During her testimony before Tuesday’s Civil Service & Labor Committee oversight hearing, Pizzitola asked members to hold retirees in the same regard as other vulnerable municipal workers being considered and to commit to a hearing on Intro. 1099 — a request she repeated after engaging Council Member De La Rosa in further discussion following the hearing.
“She said I’ve been doing this for two years and everything goes through the Speaker for approval,” Pizzitola told Work-Bites. “I said, let me ask you this: If the Speaker doesn’t approve you holding a hearing — will you bring this bill to a hearing on your own? That’s when she said, ‘She is my Speaker, and I will not cross the Speaker.’”
Work-Bites reached out to the Speaker’s Office for comment on the “protocol” being practiced inside the New York City Council, along with other members of the Civil Service & Labor Committee, and their colleagues — but we’re still waiting for a reply.
Council Member Vickie Paladino [R-19th District], one of Intro. 1099’s 17 cosponsors, expressed reticence about getting into the “internal party politics that may be at work on the other side of the aisle.” But the Queens representative did tell Work-Bites, “there seems to be a lot of acrimony within the Democrat caucus over 1099, between the unions and the members who support the bill.”
“The speaker made her position clear, and in our opinion the retirees deserve a hearing,” Council Member Paladino told Work-Bites in an email. “1099 is a good bill that protects the healthcare retirees were promised and has no impact on collective bargaining for current employees.

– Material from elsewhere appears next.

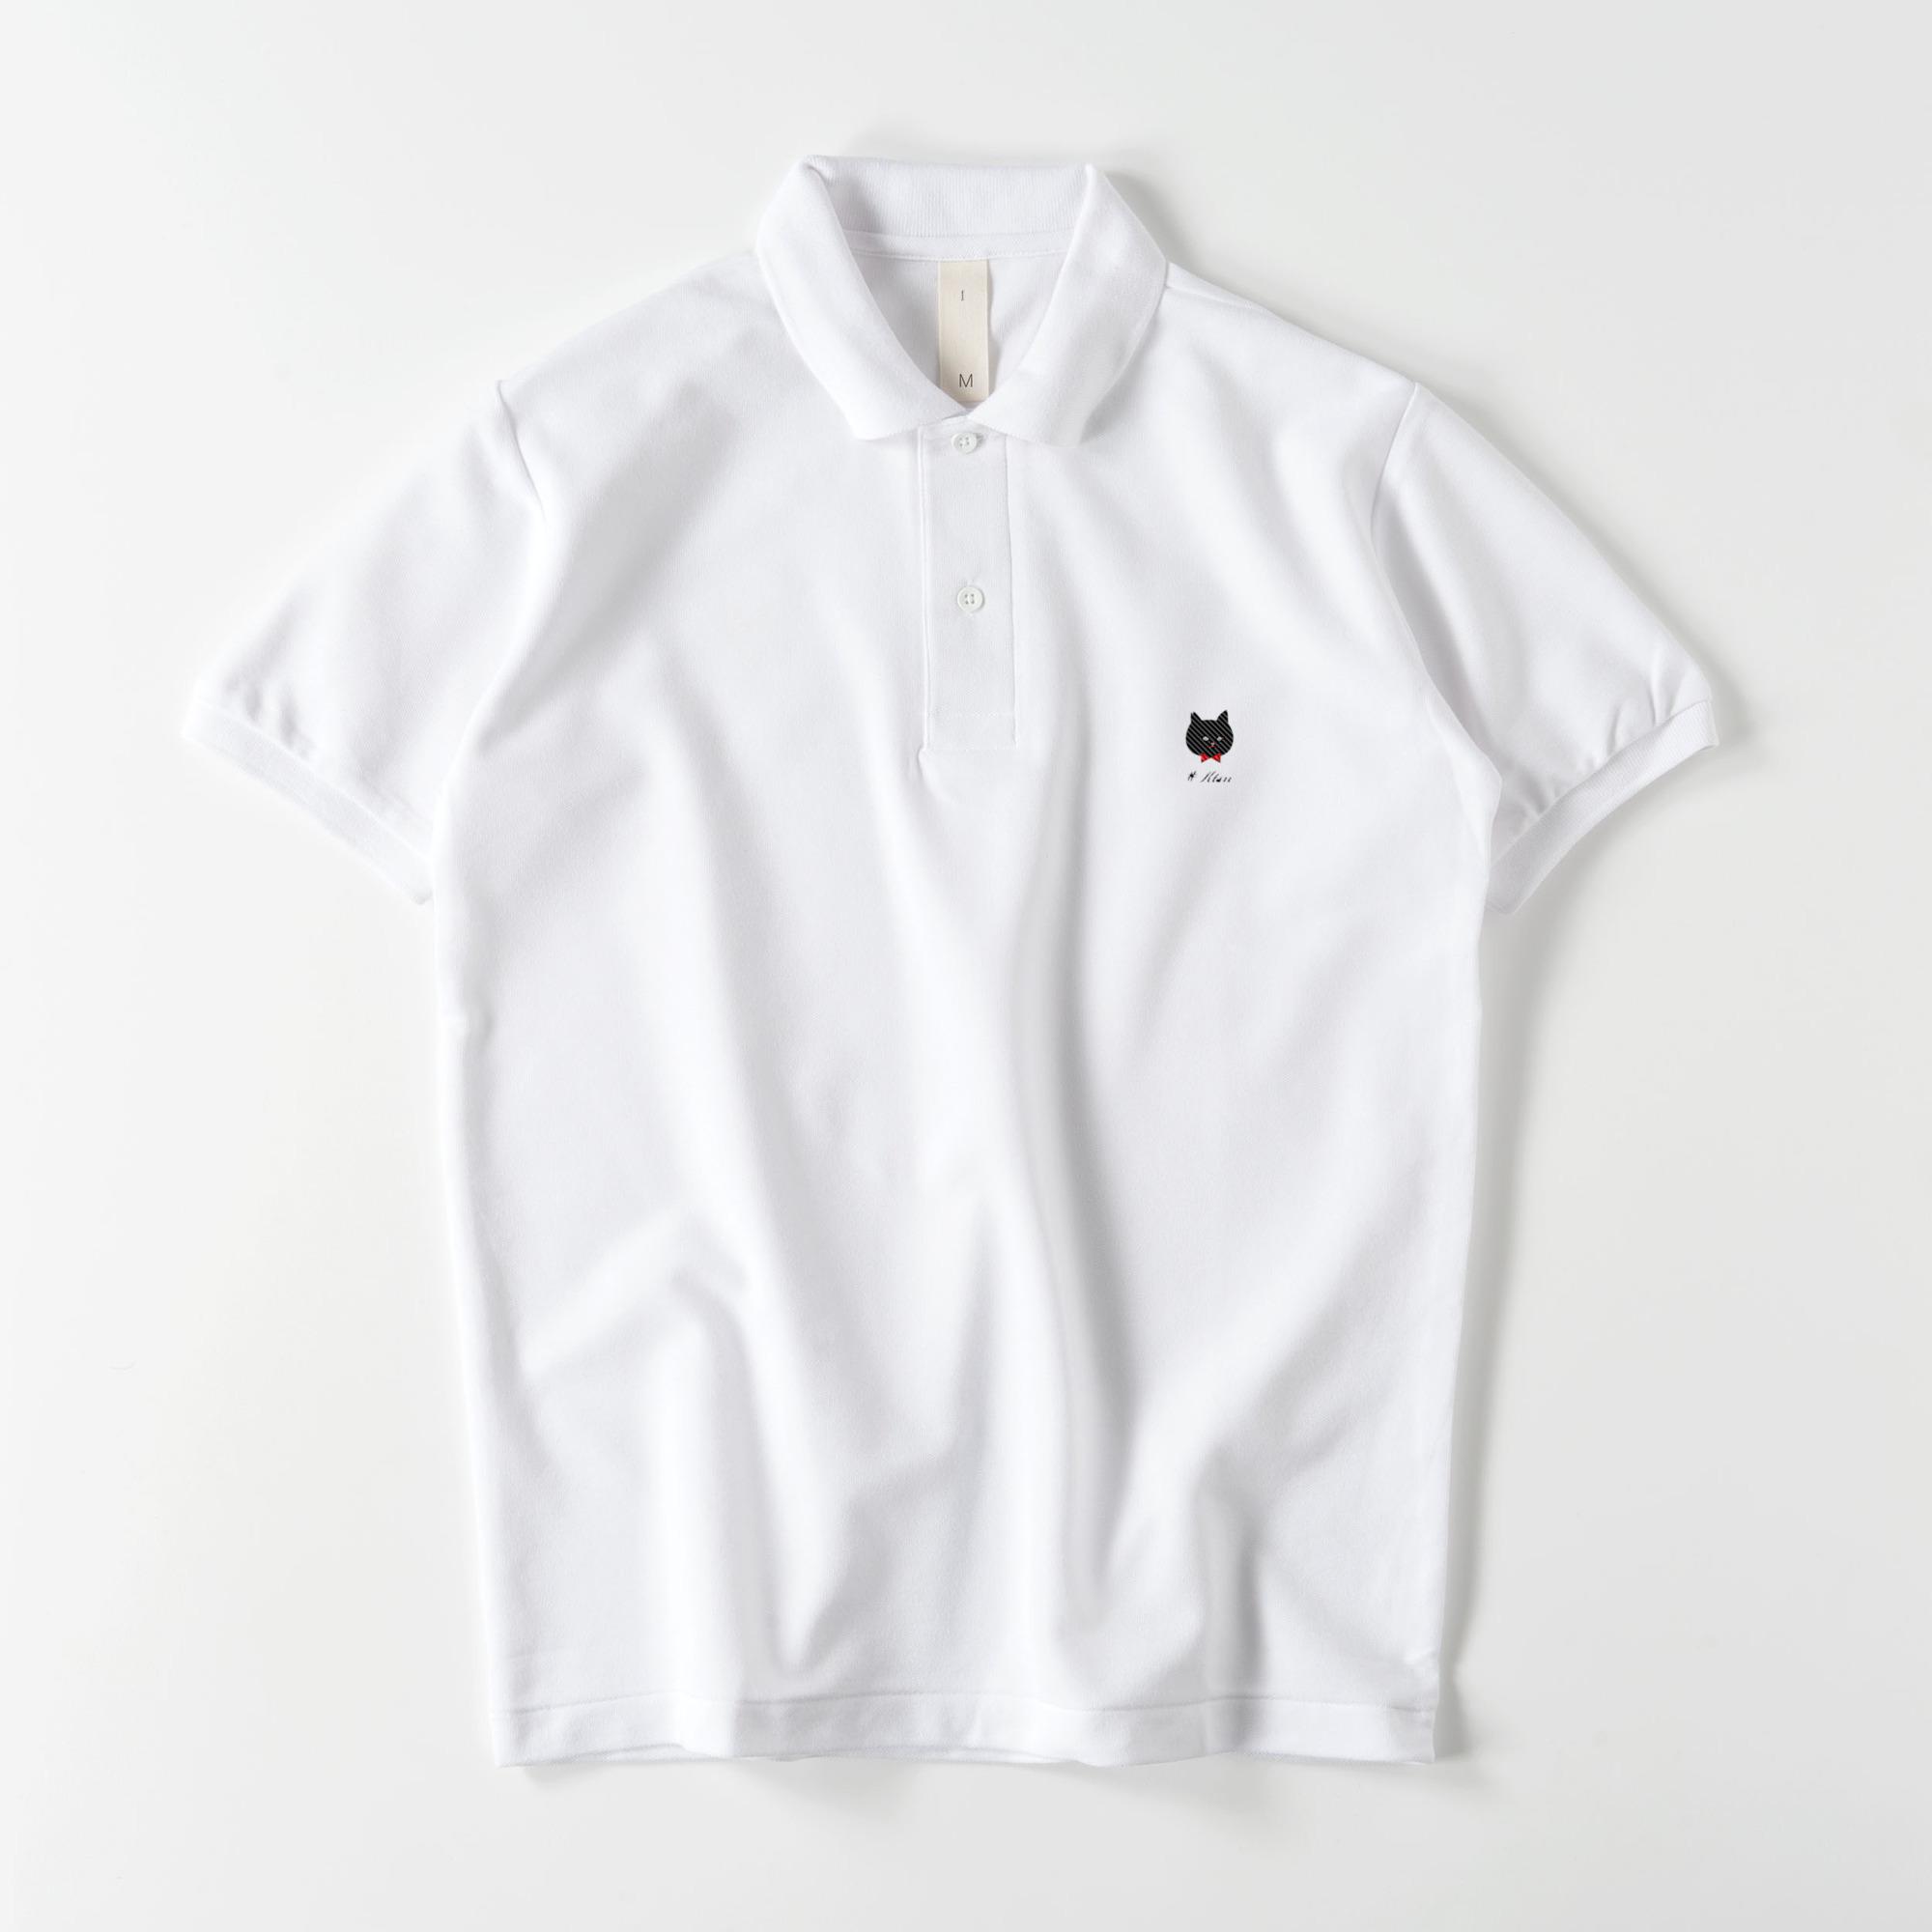 #KTSN×kaco ポロシャツ

As a Republican, this may be an easier ask for us, because we don't owe much to the unions who are trying to kill the bill. It's no secret, Democrats are in a pickle here. It's a shame because we could really do something significant and bipartisan to help our retirees.”

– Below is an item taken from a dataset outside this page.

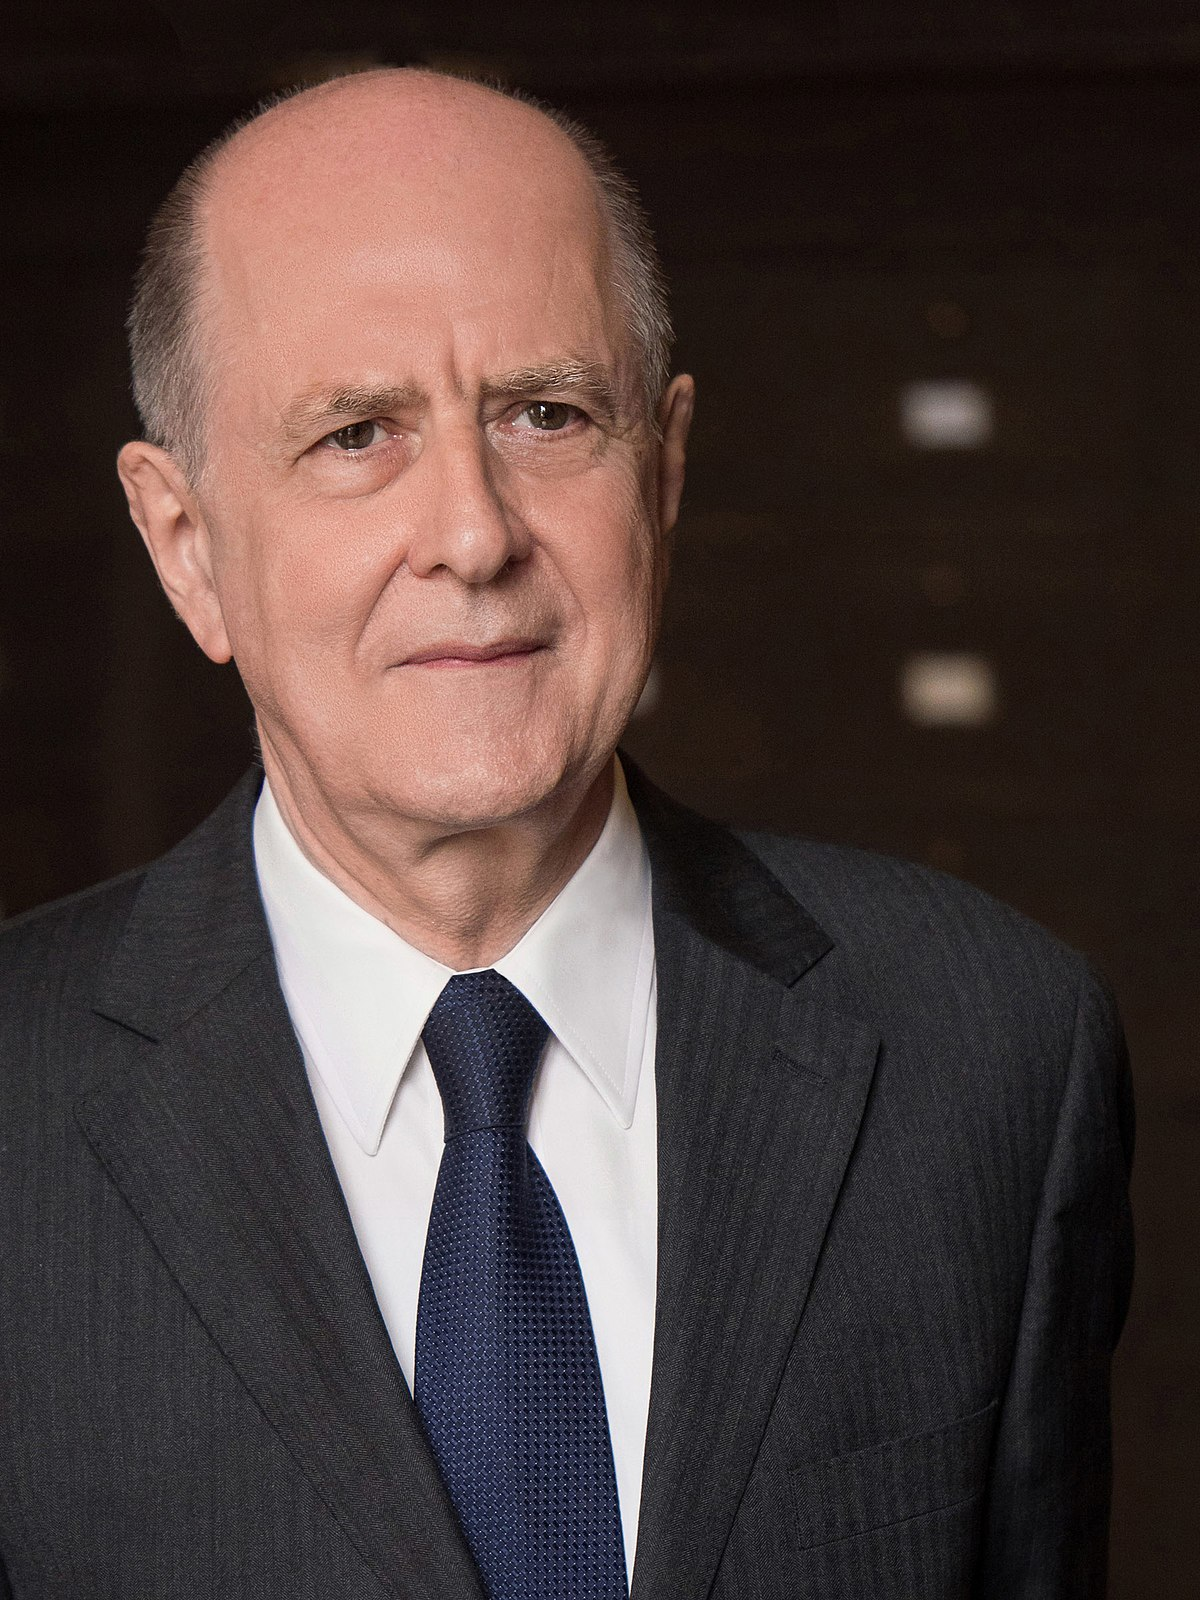 File:Jean-Marc Sauvé - 2016.jpg - Wikimedia Commons

MLC heads Michael Mulgrew, Henry Garrido and Harry Nespoli have continually pushed a narrative that says blocking efforts to push municipal retirees into a profit-driven Medicare Advantage program somehow undermines labor’s ability to collectively bargain.
“No, [my bill] is not going to put a hole in the budget, and no it is not going to interfere and hurt their collective bargaining agreements that the Taylor Law allows them to do,” Council Member Barron told Work-Bites.
Instead, what we’re seeing, according to Council Member Barron, is simply a “divide and conquer tactic” by Mayor Eric Adams, DC37 Executive Director Henry Garrido, UFT President Michael Mulgrew, “and some of the other union leaders — misinforming their rank and file into thinking they're gonna have to pay more [for health care] and it's going to interfere with collective bargaining.”
The entire situation, the Brooklyn legislator insists, “needs to be investigated.”